С противоположной стороны Мостовой с ломиком рвал металл возле замка передней дверцы. Через несколько минут дверца распахнулась. Чистякову показалось, что Боря изорвал ее в клочья.
Втроем спасатели вытащили раненого и положили на землю рядом с пассажиром из иномарки. Ольга быстро осмотрела водителя и полезла в сумку, велев Чистякову все еще пережимать артерию. Достав скальпель, она примерилась и сделала надрез в районе гортани. В надрез она вставила кусок гофрированной пластиковой трубки от аппарата искусственного дыхания. Через трубку сипло стал проходить воздух.
– Пусть пока дышит напрямую, – пояснила Ольга. – Держи ему артерию, а я посмотрю, что со вторым.
Спасатели сидели на обочине, свесив ноги в неглубокий кювет, и курили.
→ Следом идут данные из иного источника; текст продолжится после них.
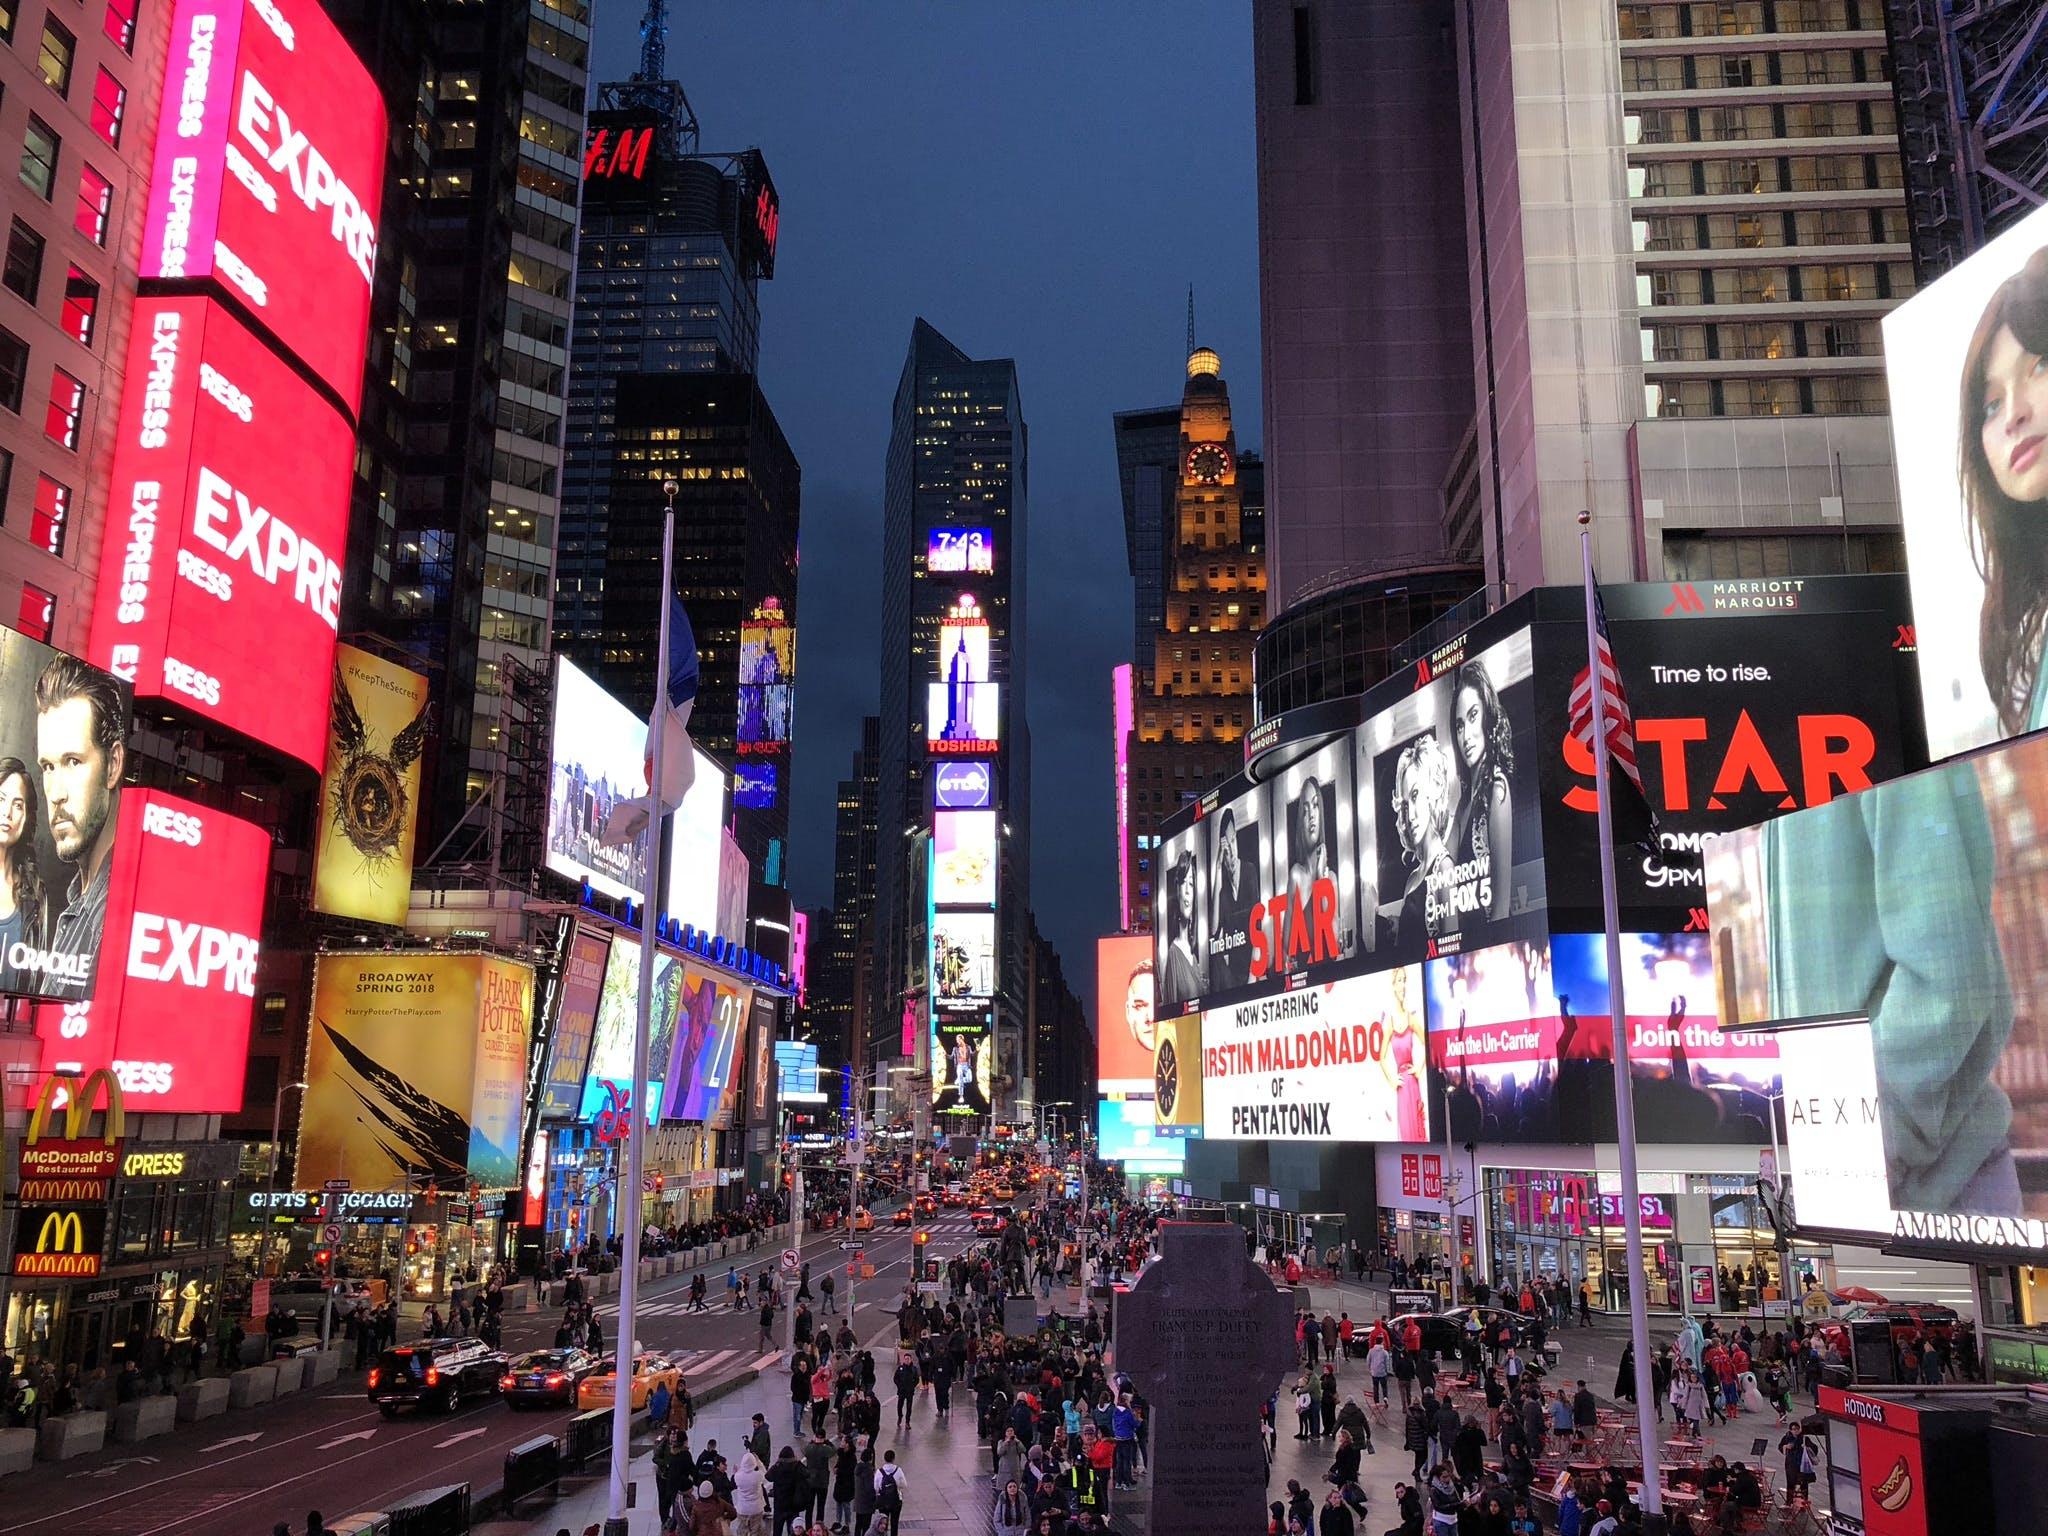 Crowd Walking Between Lighted Buildings during Nighttime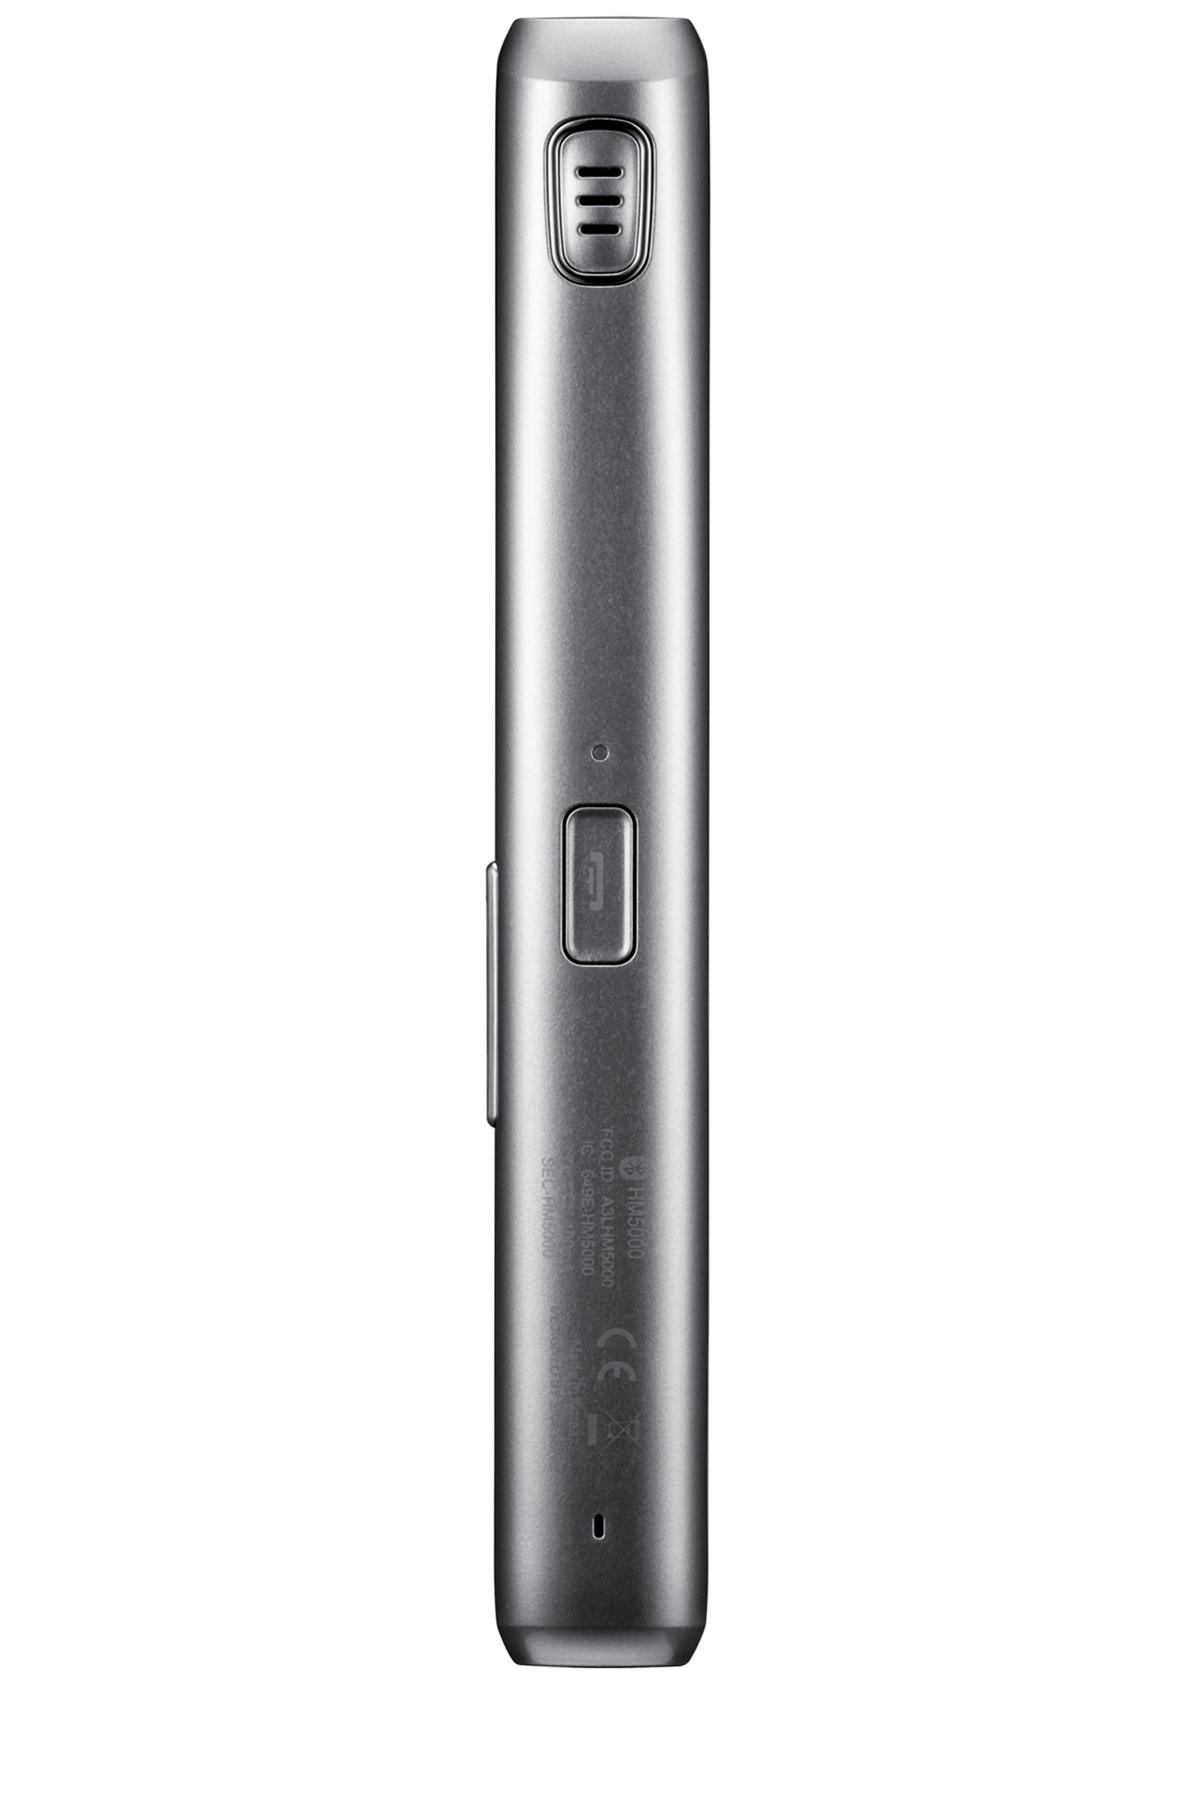 HM5000 Etuosa

Хотя они отошли к наветренной стороне, воняло на дороге страшно. Одного милиционера от запаха горелой человеческой плоти вывернуло наизнанку. Пожарные уже сворачивали свое хозяйство, «Скорые» с ранеными уехали, а на месте аварии уже работала следственная группа.
– Черт! Надо было дверцу рвать, а мы с капотом провозились! – с ожесточением проговорил Чистяков и зашвырнул окурок в траву.
– Не успели бы. Ты же видел, как она была искорежена. Ее внутренним усилителем расперло, а там металл дай боже, – веско ответил Мостовой. – Рванул бы бак – и вообще всем хана, а так хоть одного спасли.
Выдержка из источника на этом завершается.